Friday 5: Katie Davis

Originally posted May 18, 2012

Katie Davis is an amazing singer­-songwriter from Seattle who I’ve been a fan of since the early days of Rubyfruit Radio. Her songs are a mix of melancholy and emotion (in a good way!). Add her brilliant voice and you’ve got something truly special.

Recently, Katie started creating greeting cards as a way to finance her music. They’ve gotten rave reviews and are selling like crazy. Go to ilikeyouandnaps.com and check out them out. Zooey Deschanel loves them, shouldn’t you? Also, check out her website where you can download one of her EPs for free.

What was the first concert you ever attended?

I think the first show I went to was Sweetwater at the Paramount Theater in Seattle. I was maybe a freshman in high school. The theater had seats, and my ticket had my seat number on it, so even though there were empty seats up front, I stayed in my seat in the back because I thought I would get in trouble if I moved up.

If you could form a band with 3 other people in it, who would those 3 people be?

Okay, the choices are overwhelming me, so I’m forming a random band:
Mick Jagger, Carrie Brownstein, my sister

THIS BAND IS AWESOME. Also, in this imaginary band, I would like to suddenly know how to play drums.

You have an Etsy shop and your “I Like You and Naps” cards have become quite popular and have been blogged about in countless places.

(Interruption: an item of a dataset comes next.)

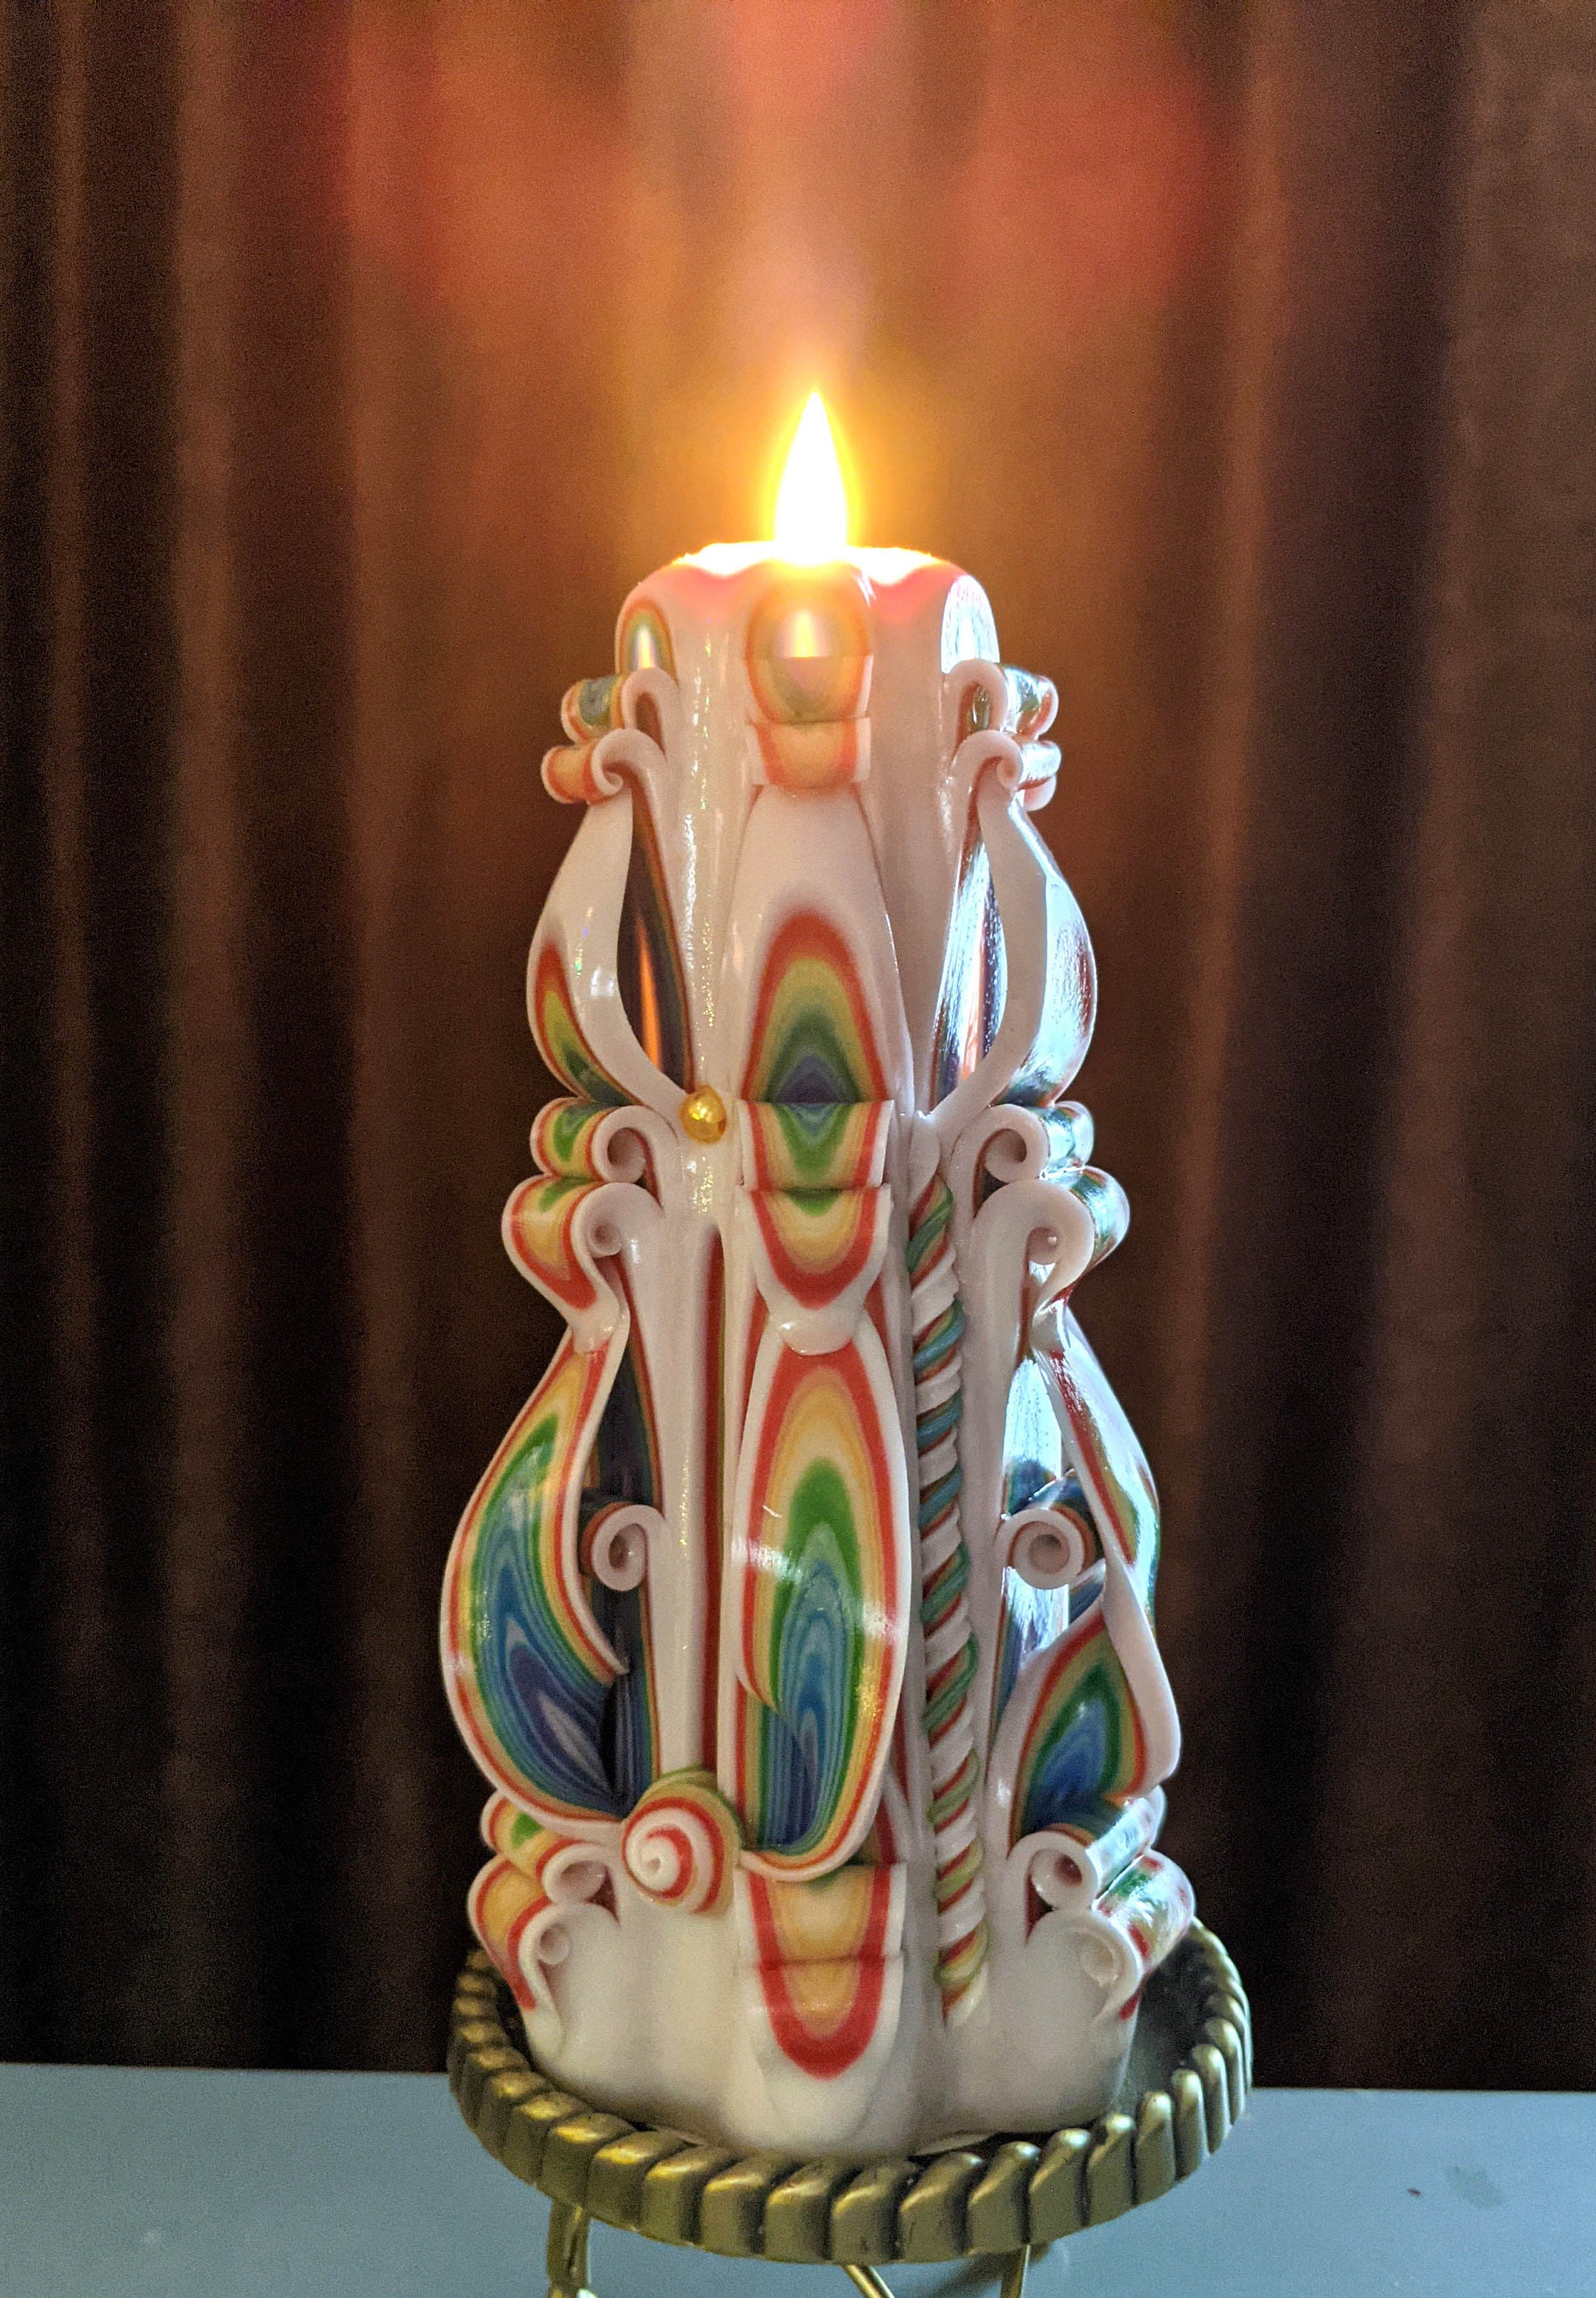 Pin by Arif Keçecioğlu on mumlar  Hand painted candles, Painted candles,  Candle carving
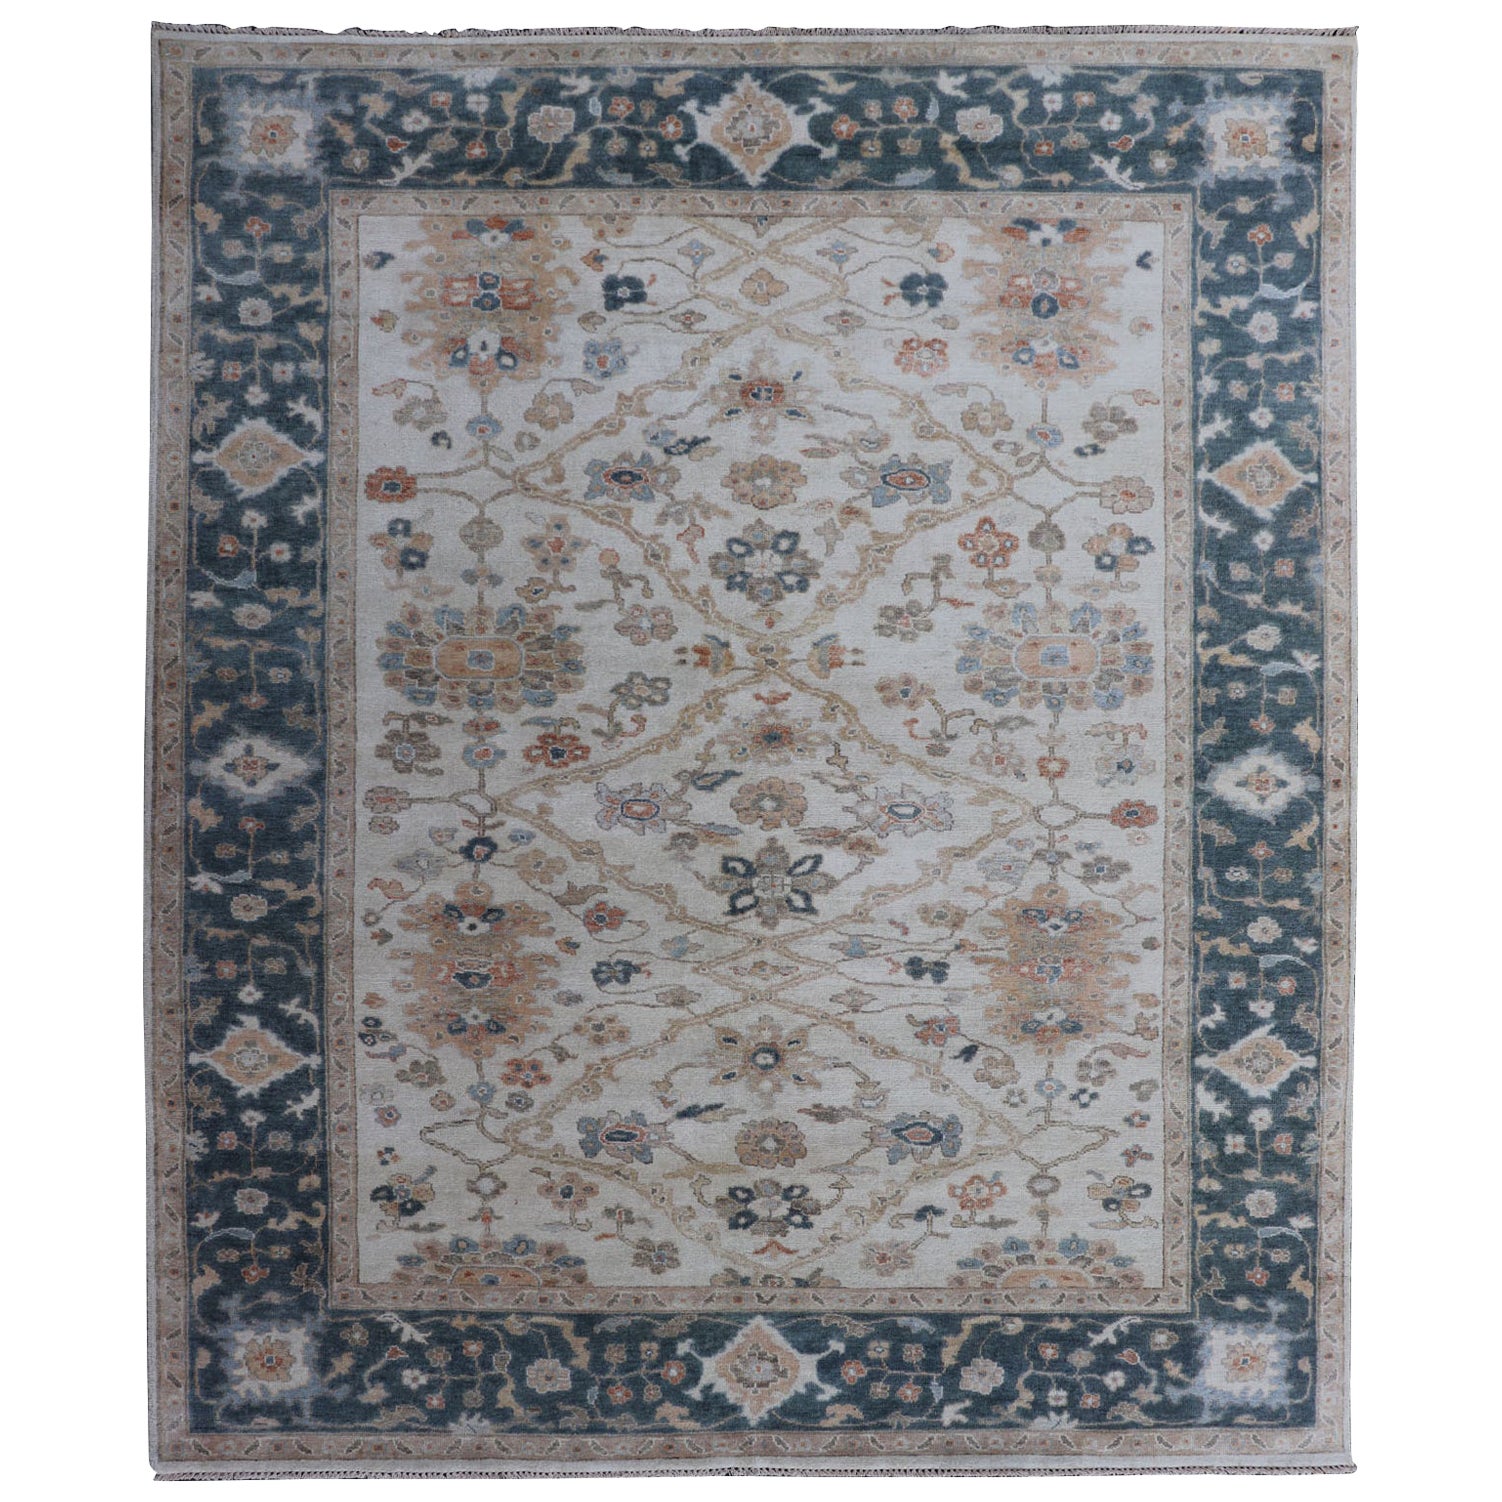 Hand-Knotted Sub-Floral Oushak Design Rug in Teal Blue, Cream and Multi Colors

You’ve expanded the selection quite a bit recently. Do you plan on continuing making cards and coming up with new ones? What’s the inspiration behind them?

“I like you and naps” was a simple expression of how much I like naps.
I put up a handful of cards on Etsy, and suddenly I had so many sales I broke my printer and had to shut down my shop for a few days. It turns out naps are very popular.

All my cards are simple expressions of my self or inspired by my friends. “I do not like jobs.” “Love is weird.” “You drink too much.” I just wanted to make something I liked. It makes me happy that other people like them too.

I will definitely continue to make cards! The money I make selling cards helps me to support my music.

Sad songs seem to be your signature. Why sad songs?

I love sad songs. They are my favorite.
I like sad songs that say something beautiful or honest. I like sad songs with hope.

How do you approach your songwriting and where does your inspiration come from?

I think maybe writing songs about things is how I let them go. I write without really thinking about it. I’m not sitting down with a guitar like, “I will write a song about this thing.” I’m just playing and something comes up. I feel like I’m trying to remember the words. I’m always trying to say it more simply, more honestly.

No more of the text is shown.